I also was interested in how gender representation at the Olympics has changed over time. In both the winter and summer games, the number of female participants has rapidly increased in the last 100 years and is comparable to the male participation.

par(mfrow=c(2,1))
summer%>%
  group_by(Gender,Year) %>%
  dplyr::count() %>%
  ggplot() + geom_line(aes(x= Year, y=n, group = Gender, color = Gender)) +
  labs(title = 'Participation In each Summer Olympics based on gender',y="Count")+
  theme_minimal() + theme(plot.title = element_text(hjust = 0.5))

winter%>%
  group_by(Gender,Year) %>%
  dplyr::count() %>%
  ggplot() + geom_line(aes(x= Year, y=n, group = Gender, color = Gender)) +
  labs(title = 'Participation In each Winter Olympics based on gender',y="Count")+
  theme_minimal()+ theme(plot.title = element_text(hjust = 0.5))

Each individual event is classified into a discipline which can be thought of as a category.
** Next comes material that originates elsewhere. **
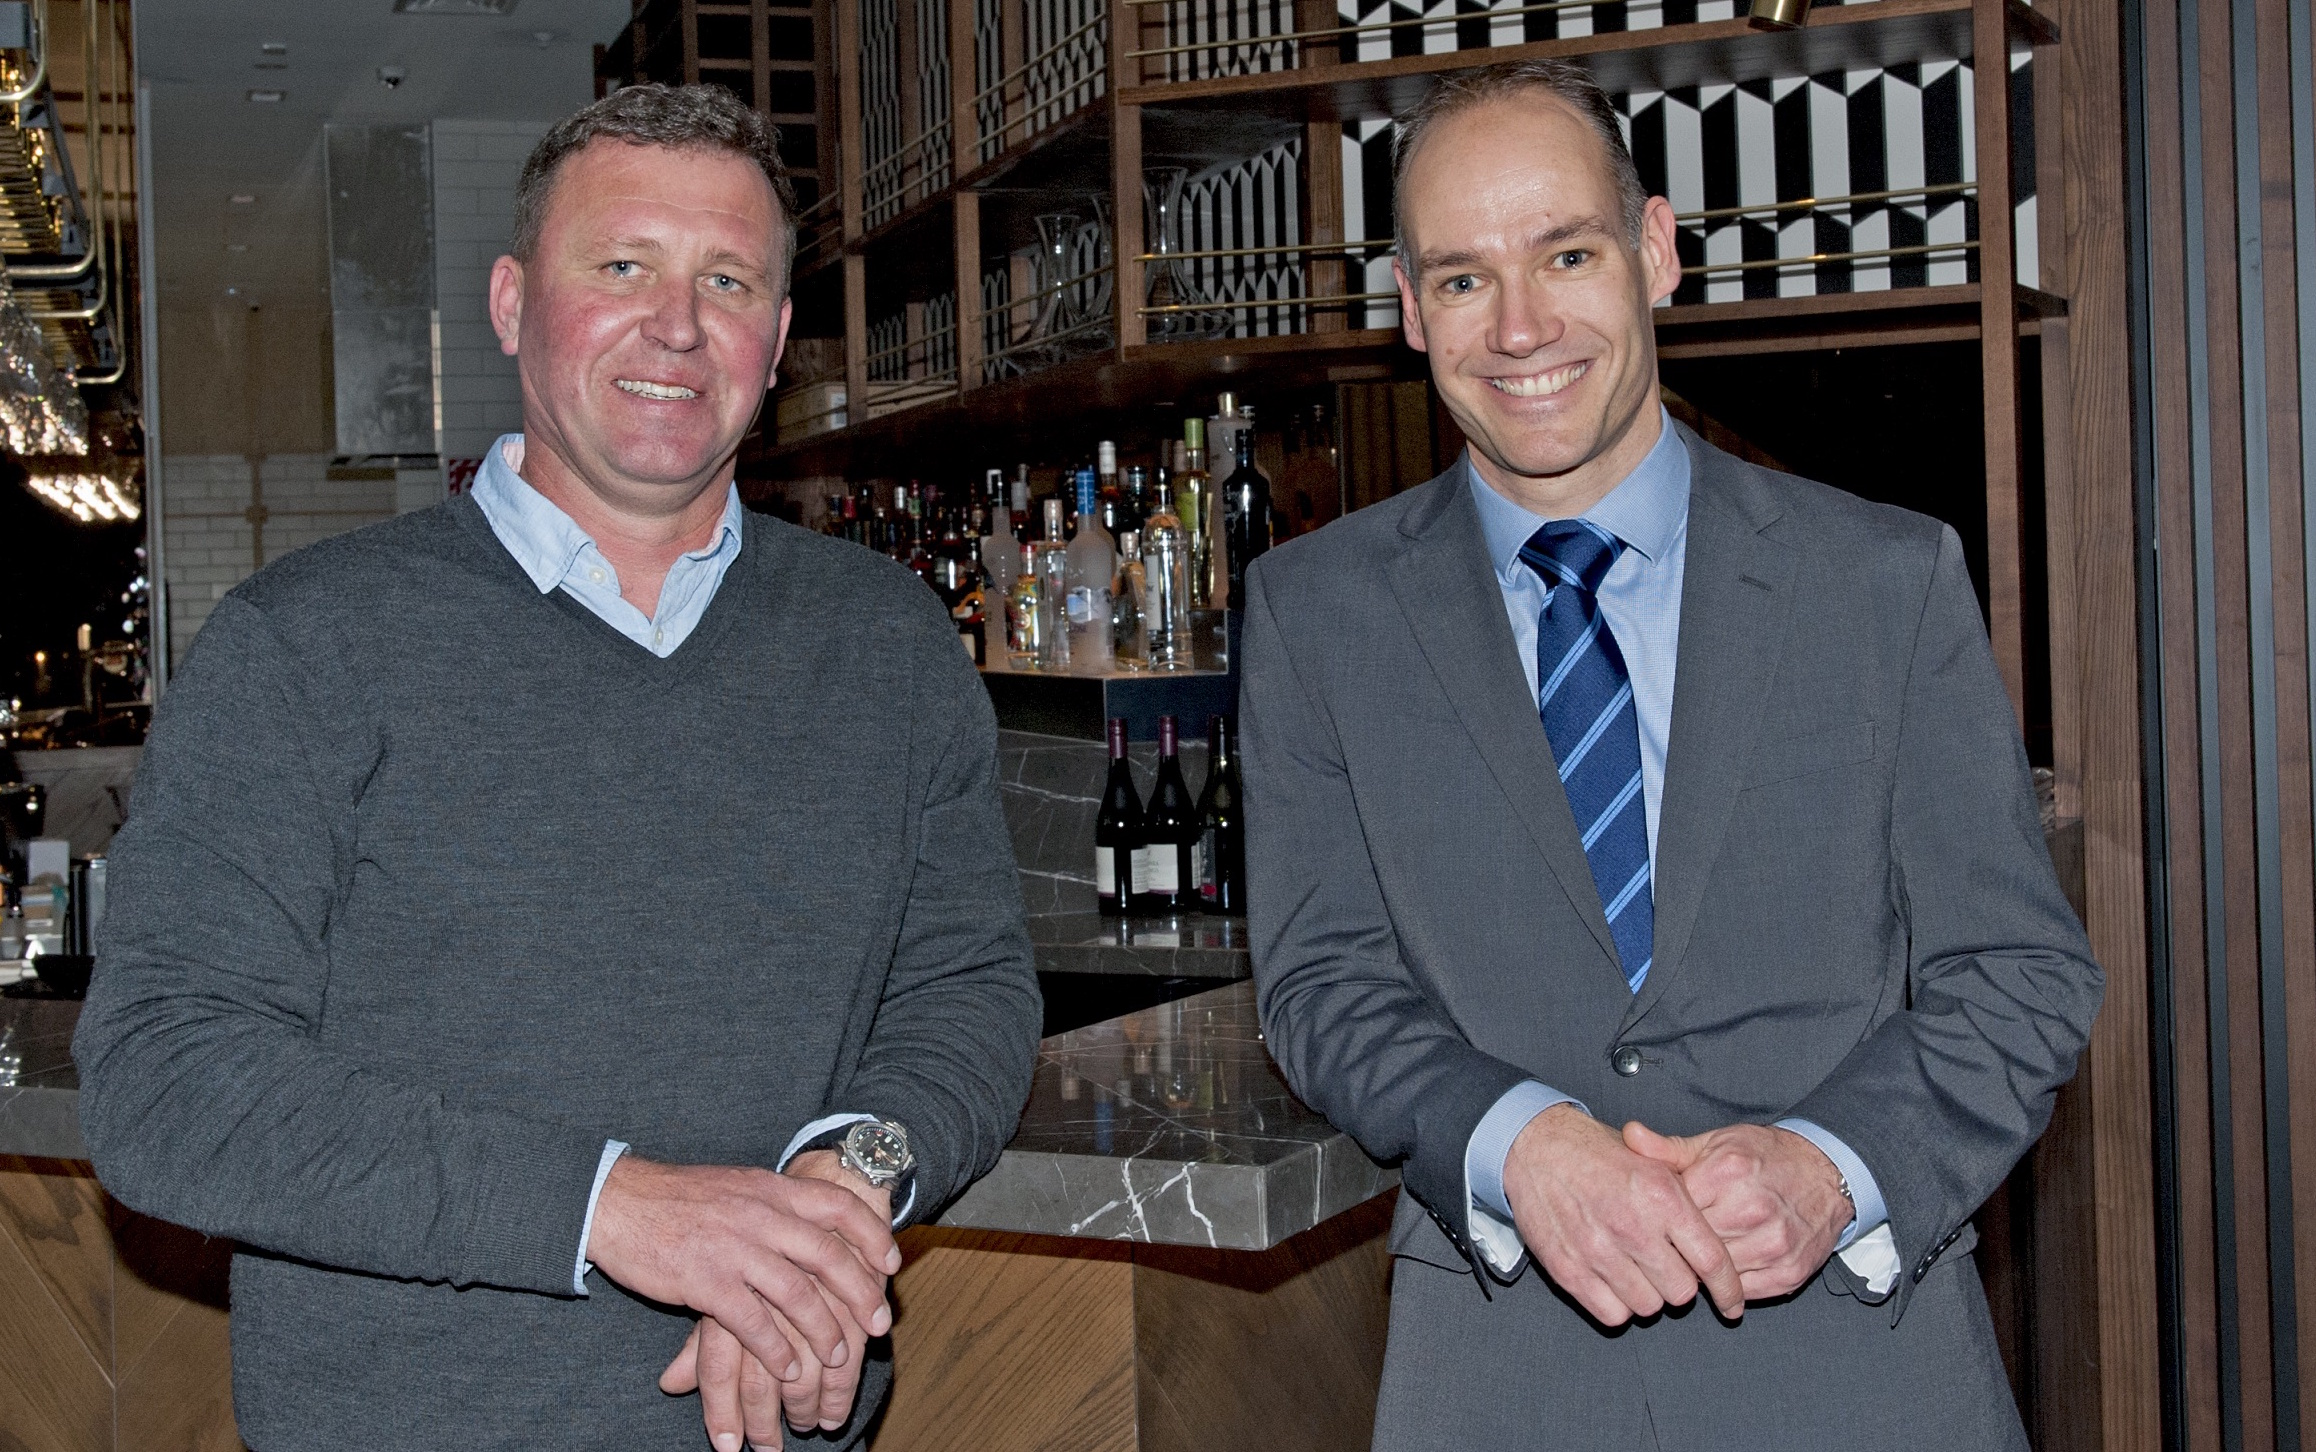 Crowne Plaza Christchurch owner Shane Le Compte and General Manager Reinier Eulink_Credit Antoinette Baker

The most common disciplines are found below.

olym%>%
  select(Discipline) %>%
  mutate(Discipline = str_split(Discipline,',')) %>%
  unnest(Discipline) %>%
  group_by(Discipline) %>%
  dplyr::count() %>%
  arrange(desc(n)) %>%
  ggplot() + geom_col(aes(y = reorder(Discipline,n), x = n)) +
  labs(title = 'Number of Disciplines',x = 'Total',y = 'Disciplines') +
  theme_minimal() + theme(plot.title = element_text(hjust = 0.5)) + 
  theme(text = element_text(size=4))

The winningest countries and athletes were also found.

### Medals won by country
olymsub <- olym[olym$Year %in% 1960:2020,]
olymsub%>%
  filter(!str_detect(Country,',')) %>%
  group_by(Country) %>%
  dplyr::count() %>%
  arrange(desc(n)) %>%
  head(40) %>%
  ggplot() + geom_col(aes(y = reorder(Country,n), x = n)) +
  labs(title = 'Medals won by each Country (1960-2014)',y="Country") +
  theme_minimal() + theme(plot.title = element_text(hjust = 0.5)) + 
  theme(text = element_text(size=6))

### Most medals wont by athletes

olymsub%>%
  group_by(Athlete) %>%
  dplyr::count() %>%
  arrange(desc(n)) %>%
  head(30) %>%
  ggplot() + geom_col(aes(y = reorder(Athlete,n), x = n)) +
  geom_label(aes(y = reorder(Athlete,n,fill="rep"), x = n, label = n)) +
  theme_minimal() + theme(plot.title = element_text(hjust = 0.5))

The plot below shows how many events have been held in total in each of the cities that have hosted an Olympics games.

### Proportion of events held by each city
pie <- ggplot(olymsub, aes(x=factor(City), fill = factor(City))) + geom_bar(width = 1) + 
  labs(title="Number of Events Held by City",y="Count",x="",legend="")
pie + coord_polar() +theme_minimal()+ theme(legend.position = "none") + theme(plot.title = element_text(hjust = 0.5))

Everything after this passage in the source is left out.